眼见六爷就要擦肩而过时,她手一松,把铂金手链掉在地上。

“哎六爷,您是不是有东西掉了?”

这一喊,六爷顿下脚步。

顾廷垂下视线,看见那条铂金手链时脸色一变。

江晚的手链,在六爷那儿!

之前他把江晚的手链拿走,但是,在十锦园的地下室和面具人打斗的时候掉了。

为什么会在六爷身上?

难道,六爷就是面具人!

这个猜测让他倒抽一口冷气。

这么说,六爷亲眼目睹了他的作案现场?

而且六爷还对江晚有不轨之心,甚至已经睡了江晚!

可恶……

阿飞刚想上前,六爷伸手一拦。

江晚心都快要跳了出来。

她故意没看地上的手链,正好顾廷因为心绪陈杂再次捏紧她的手,她便顺势藏在顾廷身后。

只要她不看,就不会给他们一种“为什么她自己的东西都不认识”的疑惑。

六爷弯下腰,捡起手链,吊在眼前看着。

手链小巧精细,光泽纯净。

接扣的位置,有阴雕的“江晚”字样。

他藏在帽沿下的眸子微微一动,看向顾廷身后的女人。

“呵。”

轻嗤声透过口罩,依然讽刺十足。

江晚不敢呼吸,怕紊乱的气息出卖她此刻的惶恐不安。

她憋得胸口发疼,却不得不拼尽力气压制,不让顾廷觉出端倪。

好的是,顾廷也慌了。

现在她等于把赌注全押在六爷身上,能不能逃过今晚,全看他的了。

但凡六爷说个“不”字,她肯定会遭到顾廷更残忍的报复……

手链捻在指间,六爷笑了声,“看来我得把它拴在裤腰上,免得它跑了。
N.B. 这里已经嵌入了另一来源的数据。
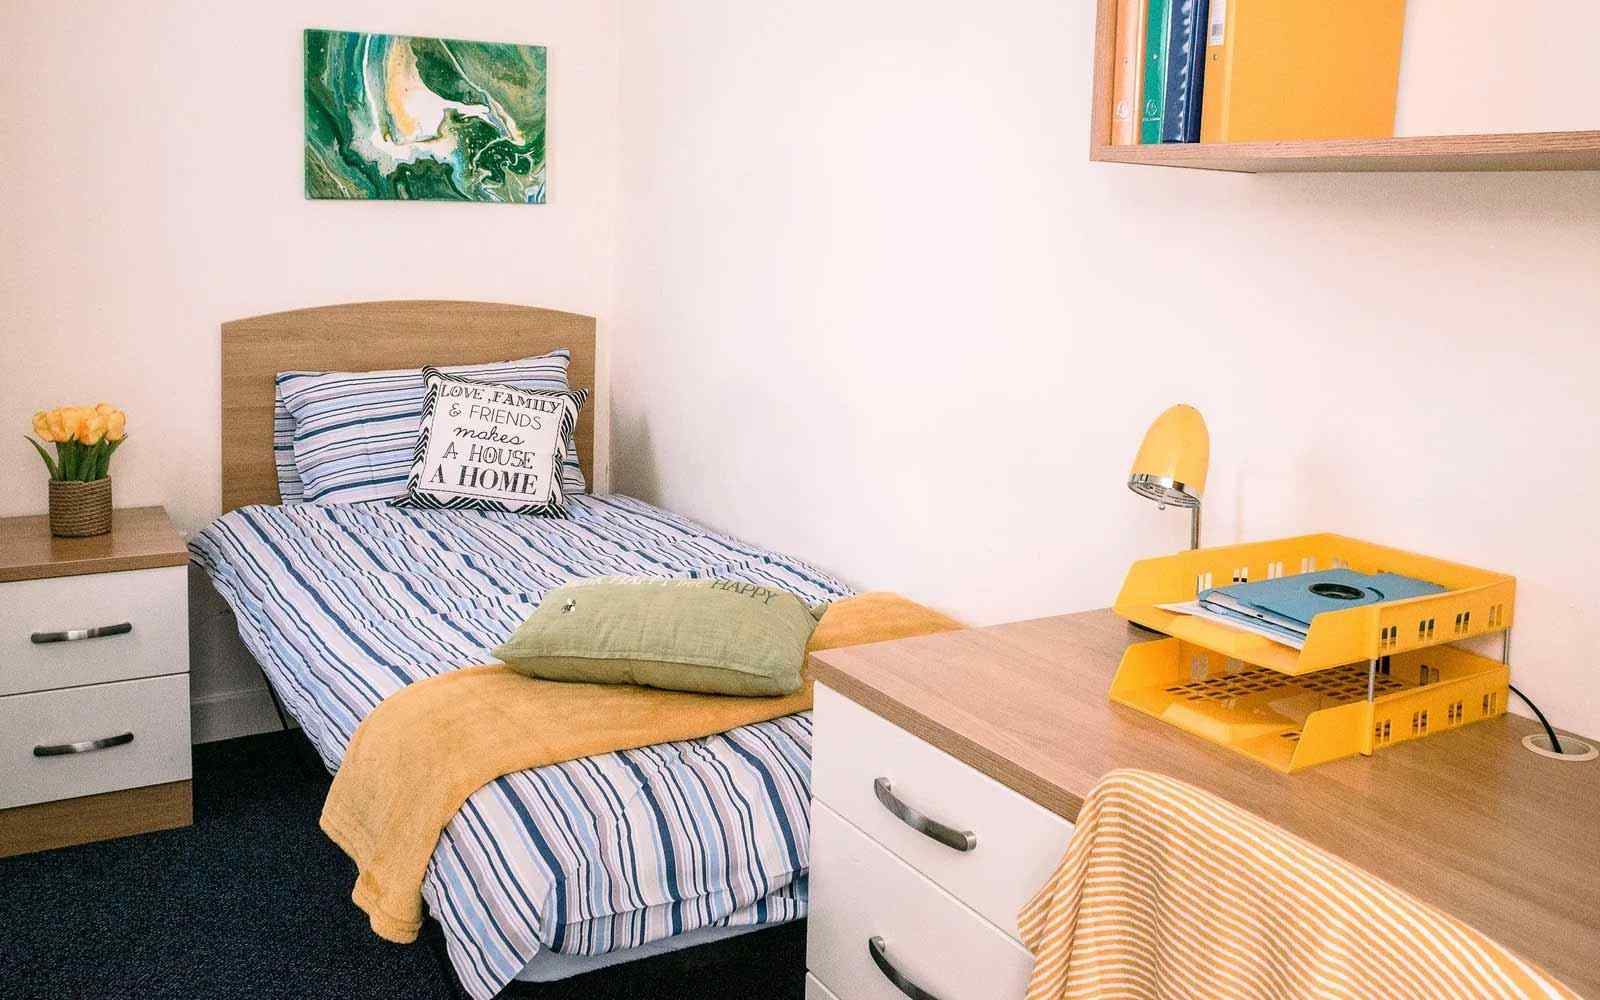 View of a room in Garden Street accommodation with bed, cushions, desk, shelves and wall art.

”

江晚终于长舒一口气。

可为什么听着不太对劲,他好像在说一条小狗。

他在影射谁是小狗吗?

六爷收起手链,声音低沉,“大少爷,我们是不是还得谈谈?”

顾廷死咬着后牙槽,假装风平浪静。

此情此景,让顾廷直觉六爷跟他谈的,绝对不是合作的事。

而是他行凶,或者睡他的女人。

所谓合作,不过条件交换,眼下的事同样如此。

顾廷客气地笑了,努力让他自带凶相的脸变得和蔼,“天这么晚了您先休息为好,等明天,我随叫随到!”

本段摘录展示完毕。